Saturday, May 26, 2012

Grain-Free Goodness: Asparagus-Gruyere Pizza w/Balsamic Reduction

Today's recipe brought to you via the beautiful Joy the Baker blog. She always has such lovely recipes. Last week I was craving pizza and Joy showcased a gorgeous tart with asparagus and gruyere, both of which I happened to have in my fridge. That night, I whipped up a grain-free crust and topped it just as Joy described. I loved it!

I made one for my family using a Trader Joe's whole wheat crust. You could also follow the original recipe and use puff pastry crust for a real treat. Add some fresh Spring berries on the side, and you've got a delicious weeknight dinner.

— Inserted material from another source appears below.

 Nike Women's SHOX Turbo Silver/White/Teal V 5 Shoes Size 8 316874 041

Asparagus-Gruyere Pizza with Balsamic Reduction
toppings barely adapted from Joy the Baker, crust from Elana Amsterdam's The Gluten-Free Almond Flour Cookbook
Serves 4

For the grain-free crust:
3 cups blanched almond flour
1/2 tsp sea salt
1/2 tsp baking soda
1 TBS grapeseed oil
1 large egg

Preheat oven to 350F. Set aside two baking sheets. Cut 3 pieces of parchment paper the size of baking sheets. 

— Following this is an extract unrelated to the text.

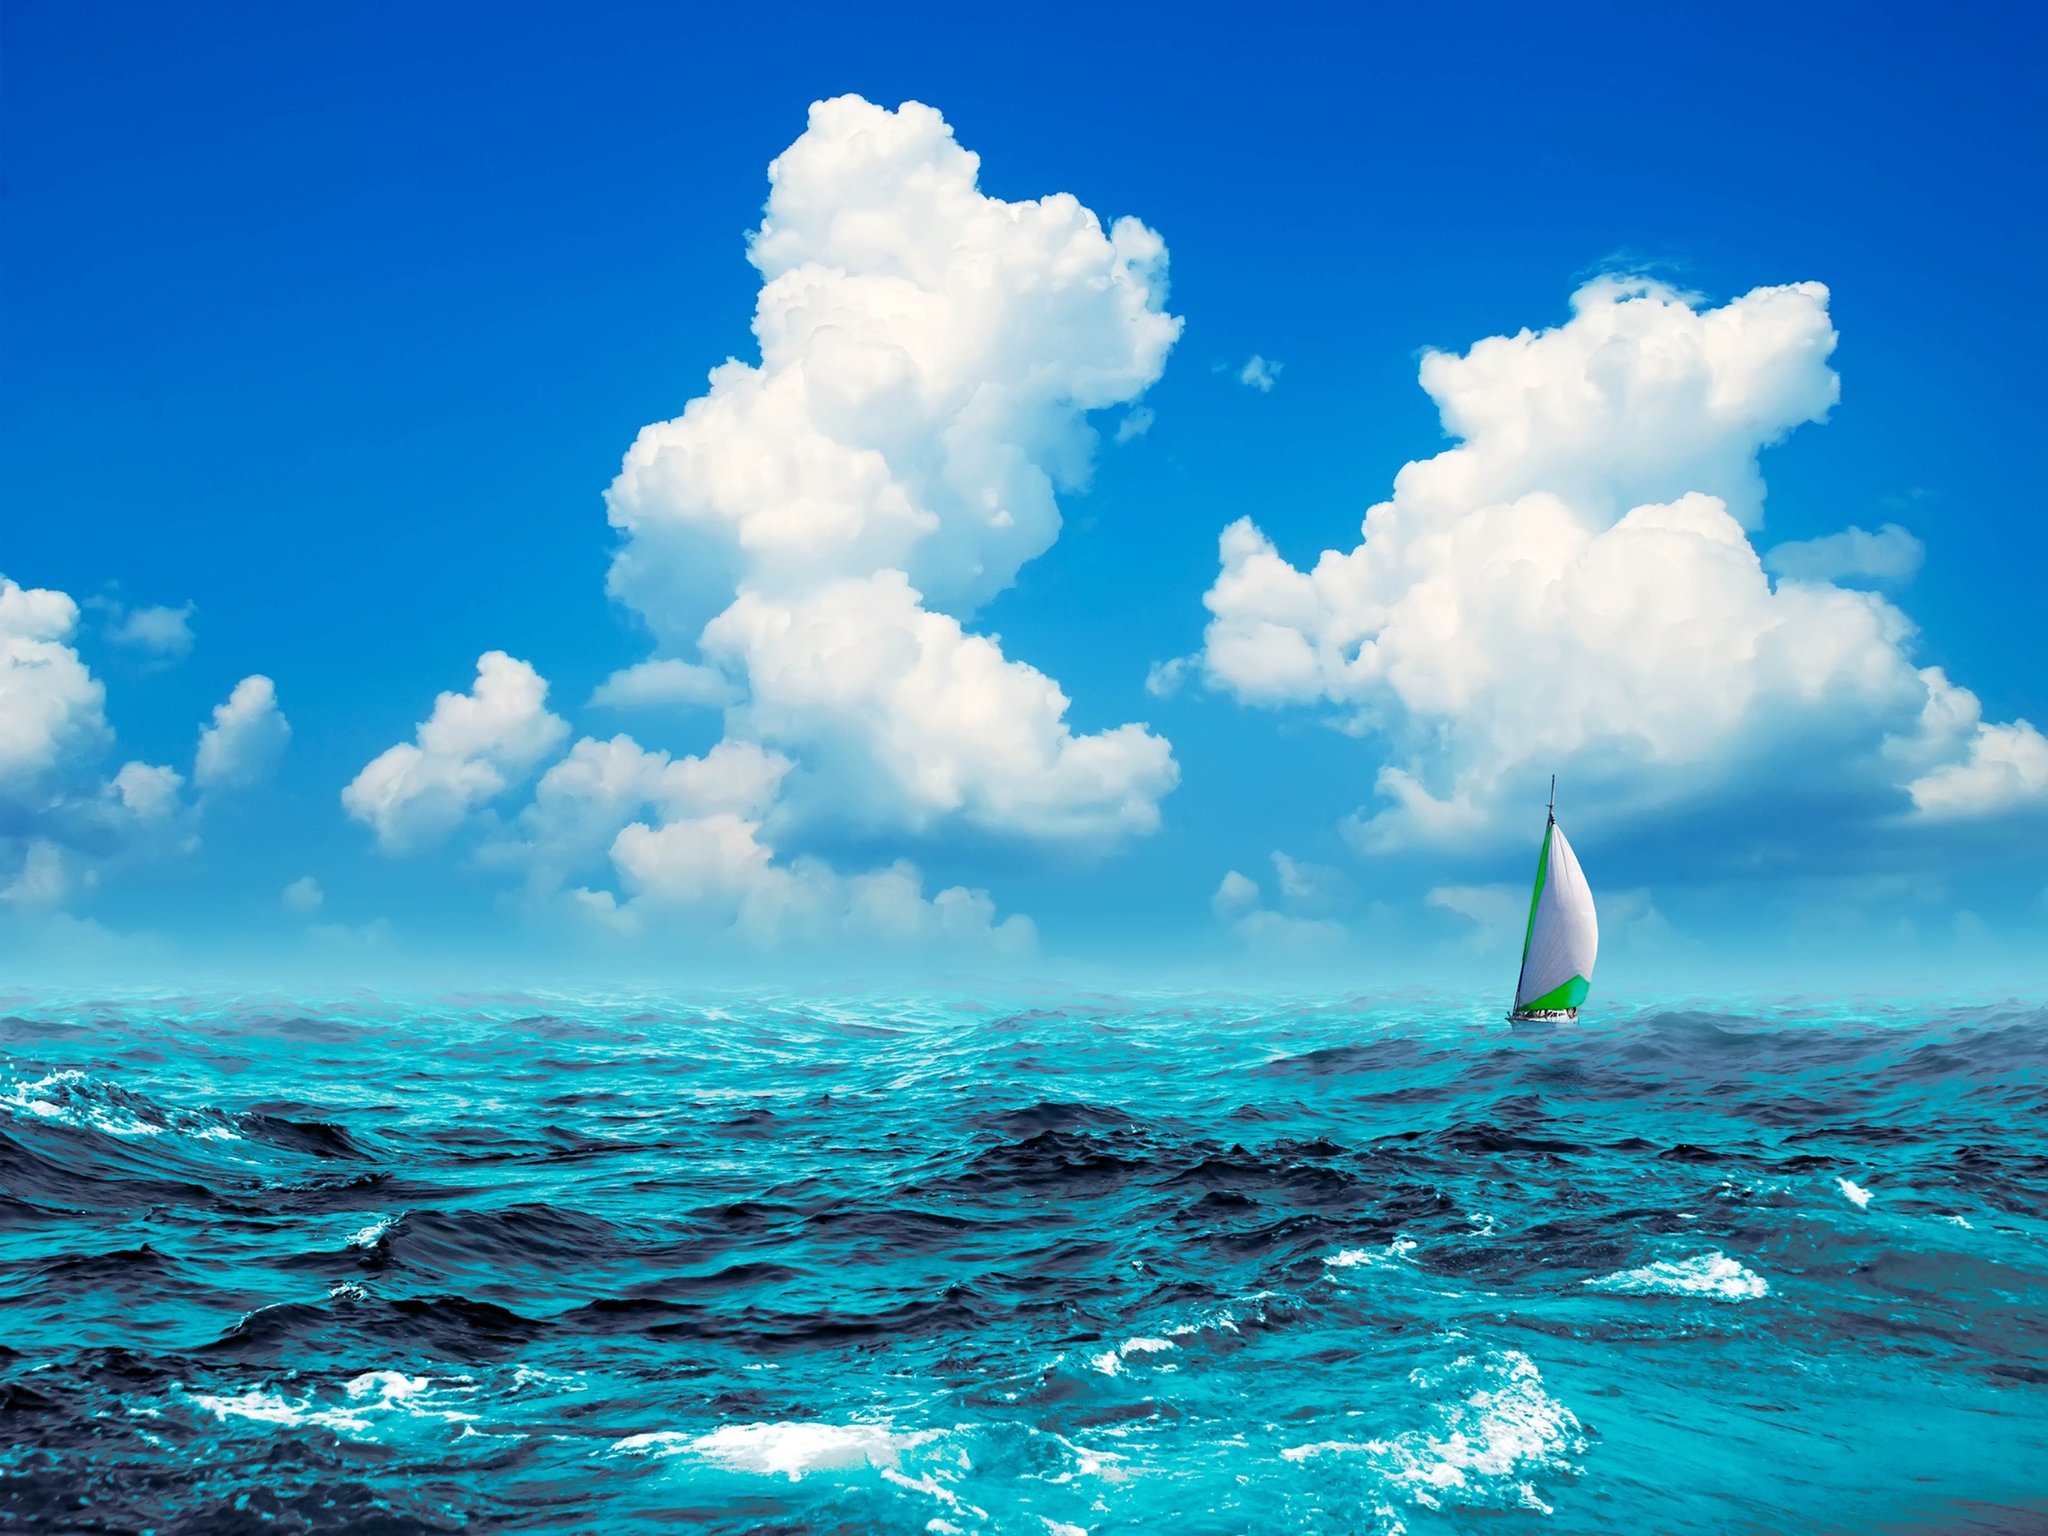 Картинка: Небо, голубое, облака, море, океан, волны, парус, лодка

In a large bowl combine dry ingredients. In a medium bowl combine wet ingredients. Stir wet ingredients into almond flour mixture until thoroughly combined.

Divide dough into two equal halves. Place one half between two sheets of parchment paper and roll out into a 10-inch circle, 1/8 inch thick. Remove top piece of parchment paper and transfer bottom piece of paper with rolled-out dough onto first baking sheet. Reusing top piece of parchment paper, repeat process with other half of dough.

To bake the crust:
Bake 15-20 minutes or until lightly golden. 

For the topping:
2 eggs
3 cups gruyere, grated (can use your food processor)
2 pounds slender asparagus
olive oil, for drizzling
salt and pepper
1/4 cup balsamic vinegar
1/4 cup honey

To assemble the pizza:
For a grain-free crust that is already cooked, it works better to gently steam the asparagus before placing in oven. I found about 5 minutes sufficient.

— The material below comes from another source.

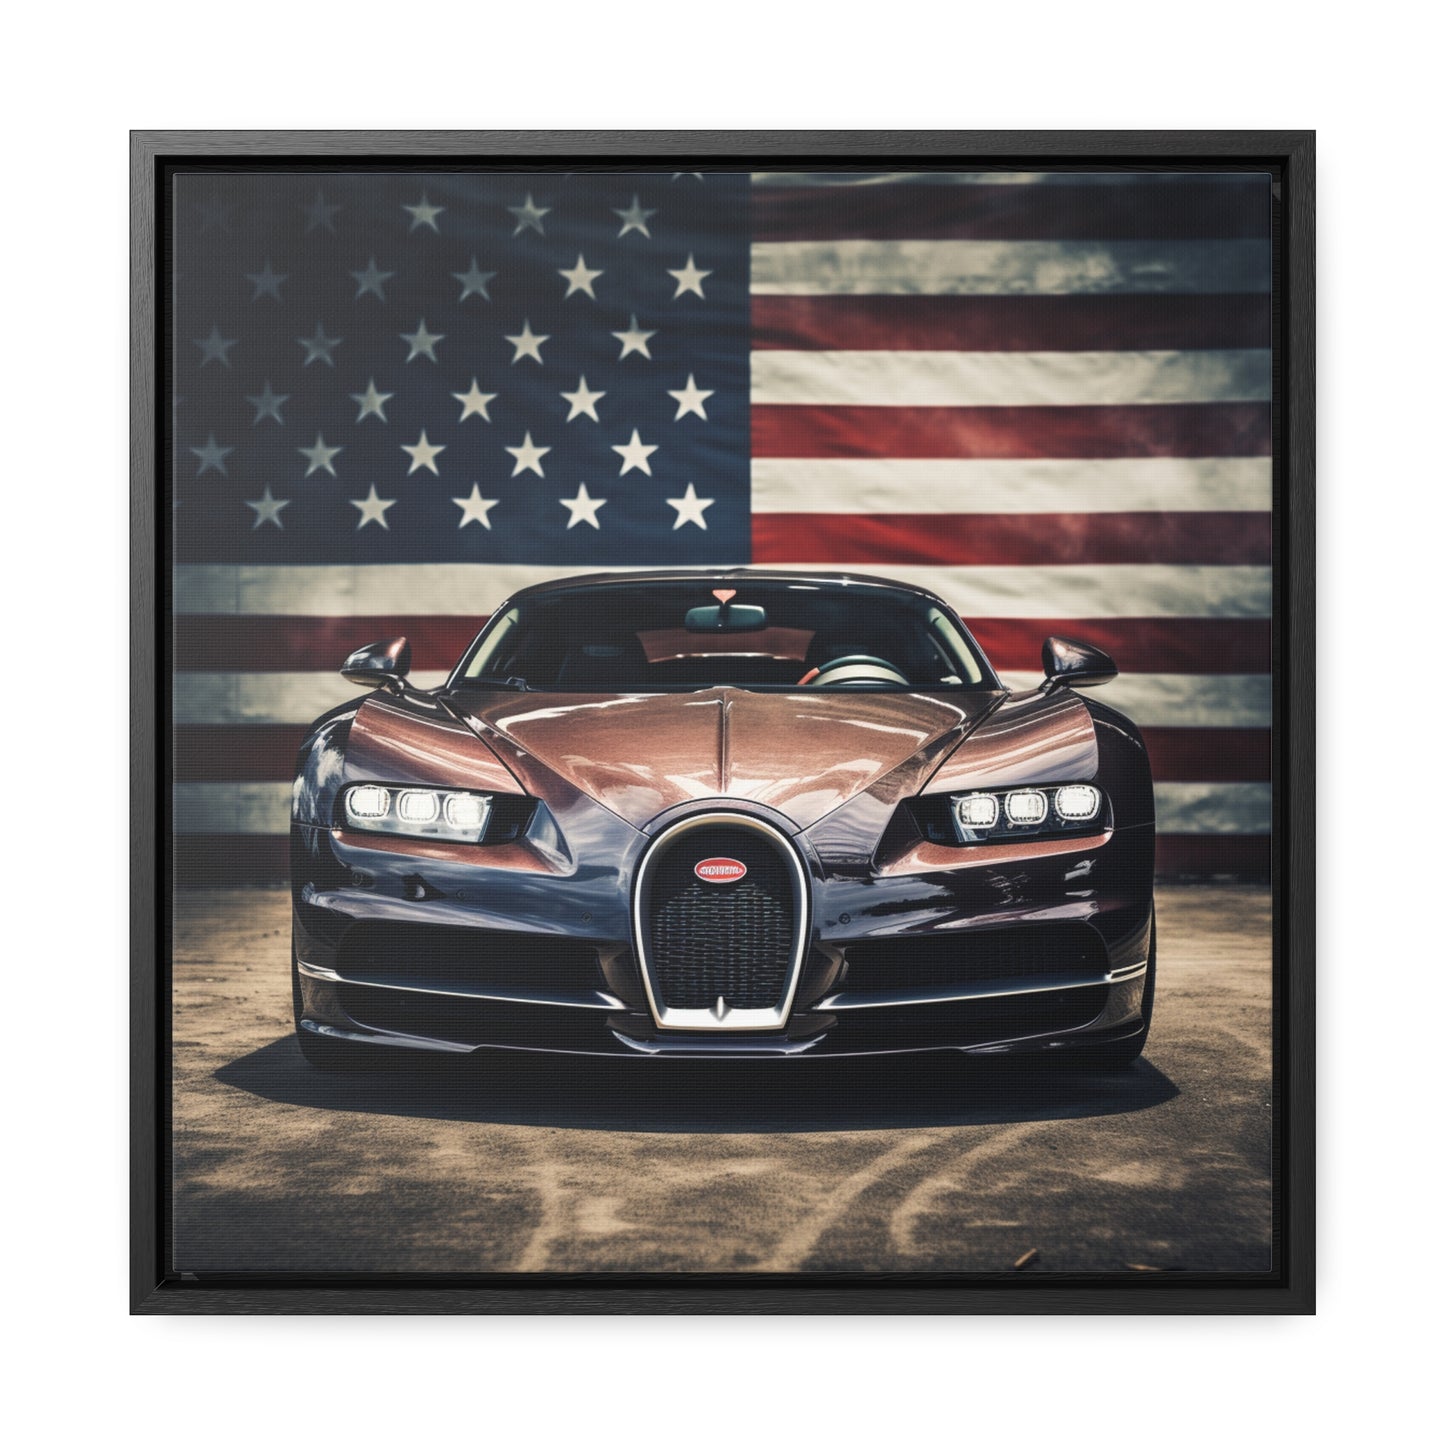 Gallery Canvas Wraps, Square Frame Bugatti Flag 4

Whisk eggs gently in a bowl. Brush egg wash over baked pizza crust.

Top with about 1 1/2 cups of cheese per pizza, then the asparagus. Drizzle with olive oil and sprinkle with salt and pepper.

Bake at 350 for about 10-15 minutes, or until asparagus is cooked through (pay attention to your almond flour crust to make sure it doesn't burn!)

While pizza is baking, combine balsamic vinegar and honey in a small saucepan over medium heat. Simmer until reduced and syrupy. 

To serve pizza:
As soon as you remove pizza from oven, drizzle with the balsamic reduction, slice, and serve!